Appeal from the District Court of the United States for the Eastern District of Pennsylvania; William H. Kirkpatrick, Judge.
Before BUFFINGTON, WOOLLEY, and DAVIS, Circuit Judges.
This is an appeal from a decree disallowing the claim of Flora E. Smyth filed with the trustee in bankruptcy of the estate of Michael A. Leibowitz, Benjamin Leibowitz, and Benjamin Cutler, trading as the Ideal Candy Company.
This case was here before, and we then decided that the landlord, Louis A. Shalet, whose building the bankrupts occupied, was entitled to priority for the amount, which was in dispute, of rent due him. We sent the case back for the determination of that amount.
The landlord, while litigation was going on, and some time before March 5, 1929, signified his willingness to compromise his claim for $600. On that date the trustee filed la petition with Referee Hoffman in bankruptcy for leave to compromise the claim.
On March 11, 1929, the landlord assigned the claim to Flora E. Shultz, the maiden name of Flora E. Smyth, appellant, for $600, which was paid by her out of a bank account kept in her maiden name, and executed a power of attorney to Charles L. Smyth, Esq., her husband, to prosecute the claim to final result.

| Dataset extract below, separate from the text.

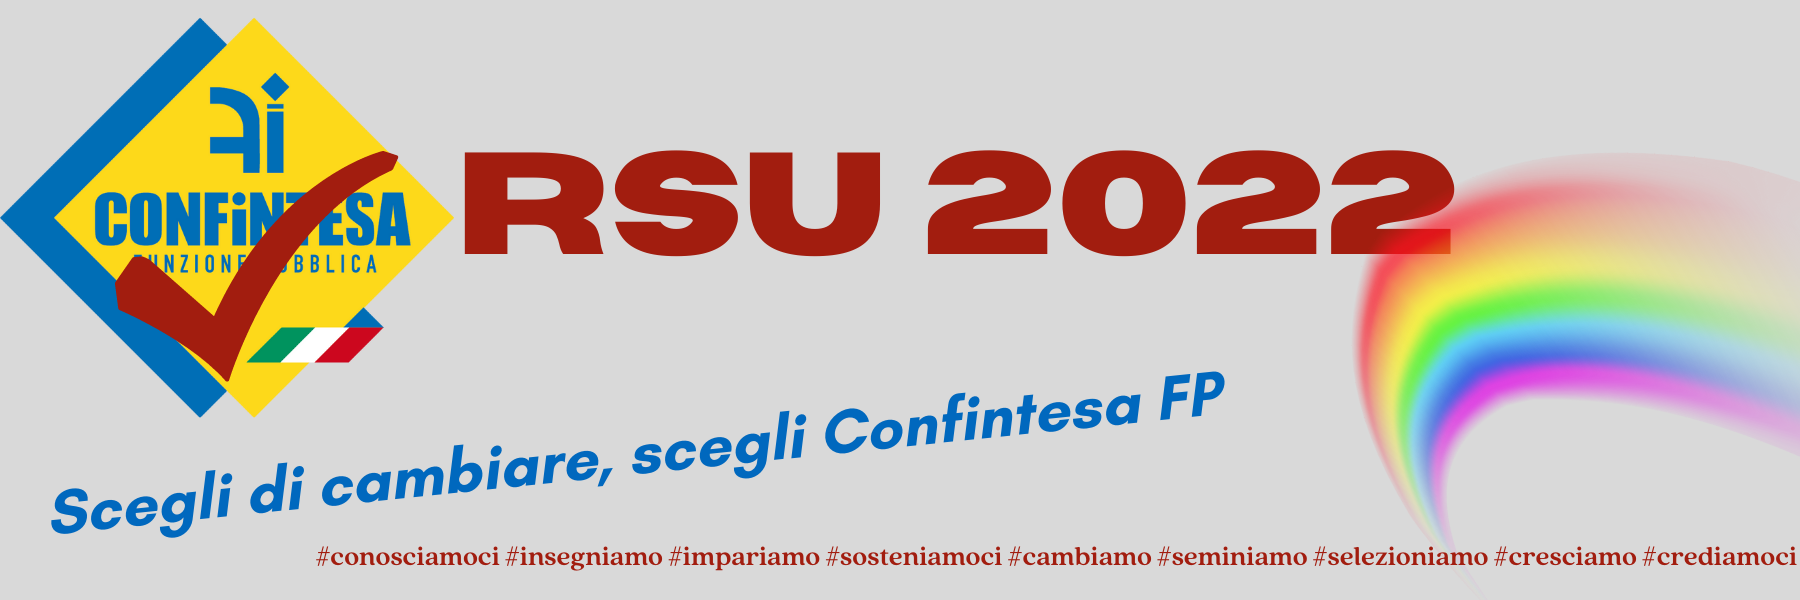 RSU 2022 Candidati con Confintesa FP

It does not appear that this was known to the trustee or referee, for on the 15th of that month, Referee Amram, to whom the case had been referred after the death of Referee Hoffman, sent out notices to creditors of a meeting to be held on March 26, 1929, to consider the petition to compromise the claim.
The landlord died on September 18, 1929, intestate. Five days later, September 23, this court handed down its decree holding that the rent claim was entitled to priority. In compliance with that decree, the District Court entered a decree directing the referee to determine the amount of the rent and pay it prior to costs of administration.

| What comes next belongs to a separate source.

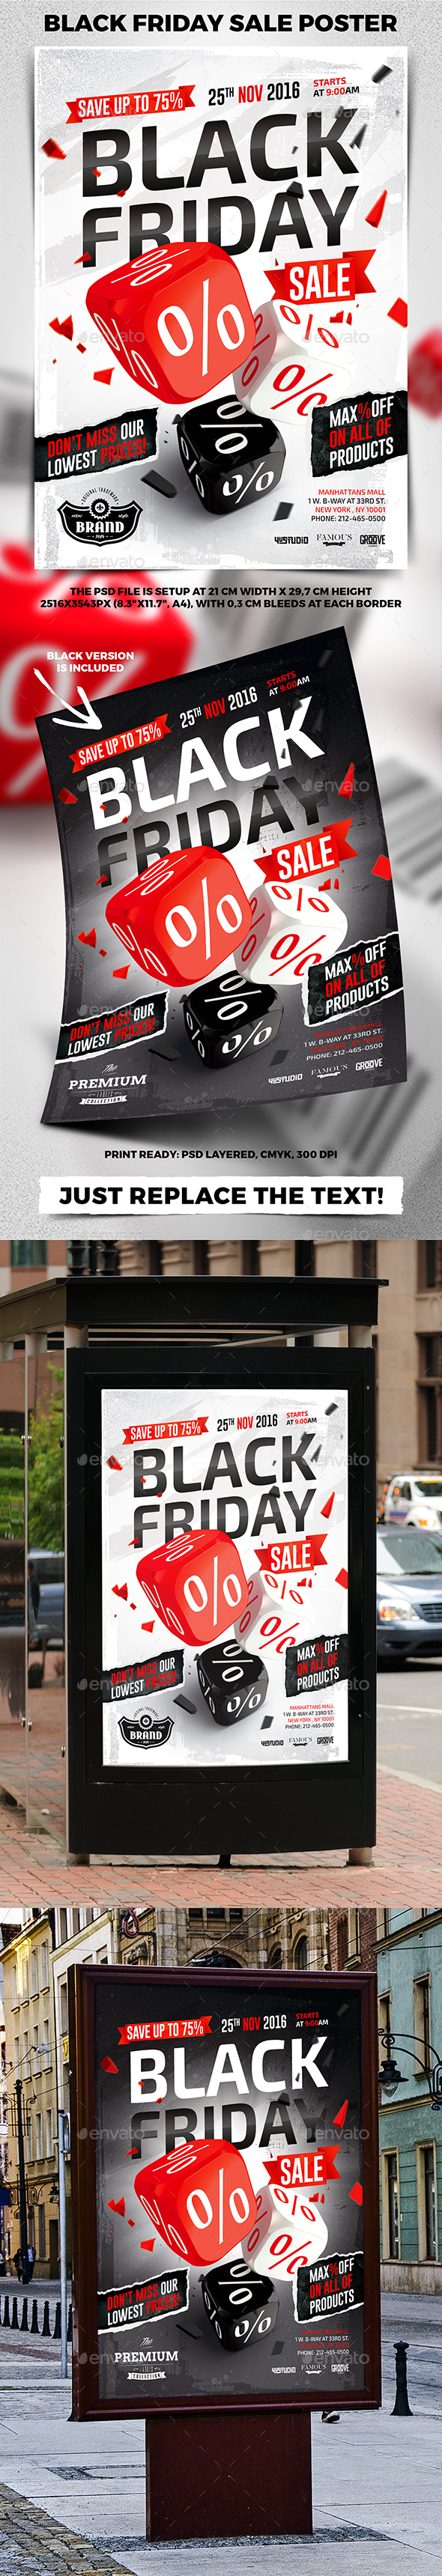 black_friday_sale_poster_by_4ustudio-dam

Pursuant thereto, the referee determined the amount of the rent to be $853.26, but went further and found the claim to be champertous and against public policy, and so disallowed it. The District Court affirmed the order of the referee, and the case is here on appeal.
It is suggested by appellant that the referee had no jurisdiction to consider anything other than the determination of the amount of the rent and award it priority over administrative costs. In general a trial court is bound by the decree of the appellate court as the law of the case and must carry it into execution, according to the mandate. It cannot be varied or examined by the trial court except for the purpose of execution. In re Sanford Fork & Tool Co., 160 U.S. 247, 255, 16 S. Ct. 291, 40 L. Ed. 414. But assuming, without deciding, that the referee had jurisdiction to determine not only the amount of the rent claim and award it priority in payment, but also its allowability, does the assignment of it to the appellant constitute champerty and defeat it?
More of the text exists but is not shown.